Thursday, January 10, 2008

Teaching versus preaching

Kind of a variety type of post here.   Clearing the clutter of my mind in one sweeping post.  But it strikes at something Tolkien and CS Lewis detested, something that Paul Vischer of Veggie Tales fame learned it the hard way.   Something that the Huckleberries gang sounded off on earlier this week.

Overt religiosity in art/media.  And by art, we mean books, music, theatre....  I think it was Tolkien that railed against being preachy in writing.  He had another word for it that escapes me (another example separating my humble scratchings from his timeless classics).  His thought was a work should be infused with the writers morality, but not in a moralizing, overt way.   Someone reviewing the recent Golden Compass movie showed how the writer Pullman used his characters to smack his "moral" into the face of the reader, as if they were not intelligent enough to discern from the work itself.

I think that is what Paul Vischer is learning.  And what so much of what passes as Christian art has yet to learn.  (and as I listen to it,  Standing by the Door by Duvall gets it right.)

True prayer and worship of God gets ourselves out of the way.  It isn't about us, but about God.  We pray for God's sake, not for our own consolation.  That is why so many (Joy Behar on the View) miss about Mother Theresa's struggle with doubt.  She had faith, but she received little consolation after her initial encounter with Jesus.  She prayed, but heard no response.  And to persevere for such a long period of time is amazing in itself, how long would any of us stay the course?

For me, I know about receiving little consolation.  I treasure the few moments I get, but hopefully I am learning how to pray for God's sake rather than mine.  I am currently listening to the Into the Deep podcast.  Their very first one was an intro to prayer.  And what a revelation.  These guys are good, and kinda funny too.  So now I am heartened about prayer, about sticking with it. 

Consolation may come in time, but if not, who cares.  It ain't about me.
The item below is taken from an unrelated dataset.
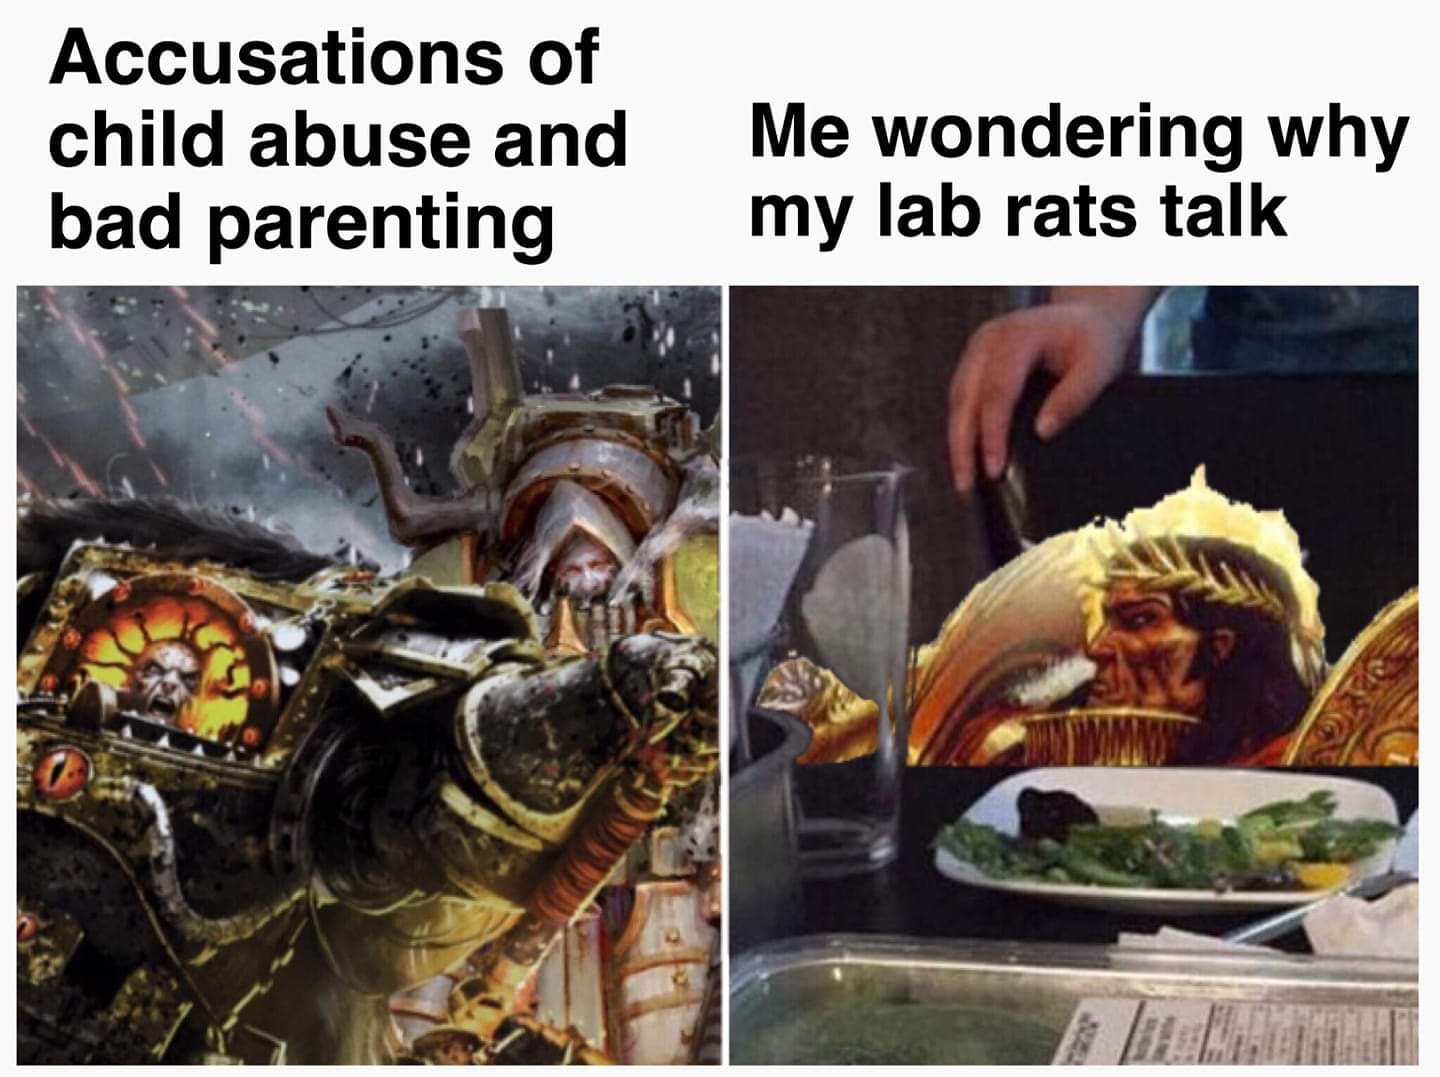 40k cat meme - Accusations of child abuse and bad parenting Me wondering why my lab rats talk

That is what seems to be amiss in the Christian art.  Use your talent, but let God take care of the message.  It is ultimately the Holy Spirit that changes hearts anyway, so why foul up His message by getting in the way.  I think that was what Tolkien was getting at.

2 comments:

Bear-i-tone said...

It is for this reason that Tolkien hated to have his work referred to as an allegory. It is also why Tolkien criticized C.S. Lewis' Chronicles. Personally, I agree with Tokien. As much as I like Lewis, Chronicles is a little heavy handed at times. When there is a conflict between story and message, message wins. The most basic is the entire story arc. Fairy stories are supposed to begin "Once upon a time..." and end "...and they lived happily ever after." To end the entire Chronicles with "...and they all died happily ever after." while theologically gratifying, storywise, is just a little... off.

KaleJ said...

yeah, even as a young boy, I could see through the screen. I didn't mind as much, but your right, the message wins.

That is a great way of putting it. The story has to be inherently Christian, not a Christian message thinly wrapped in a story.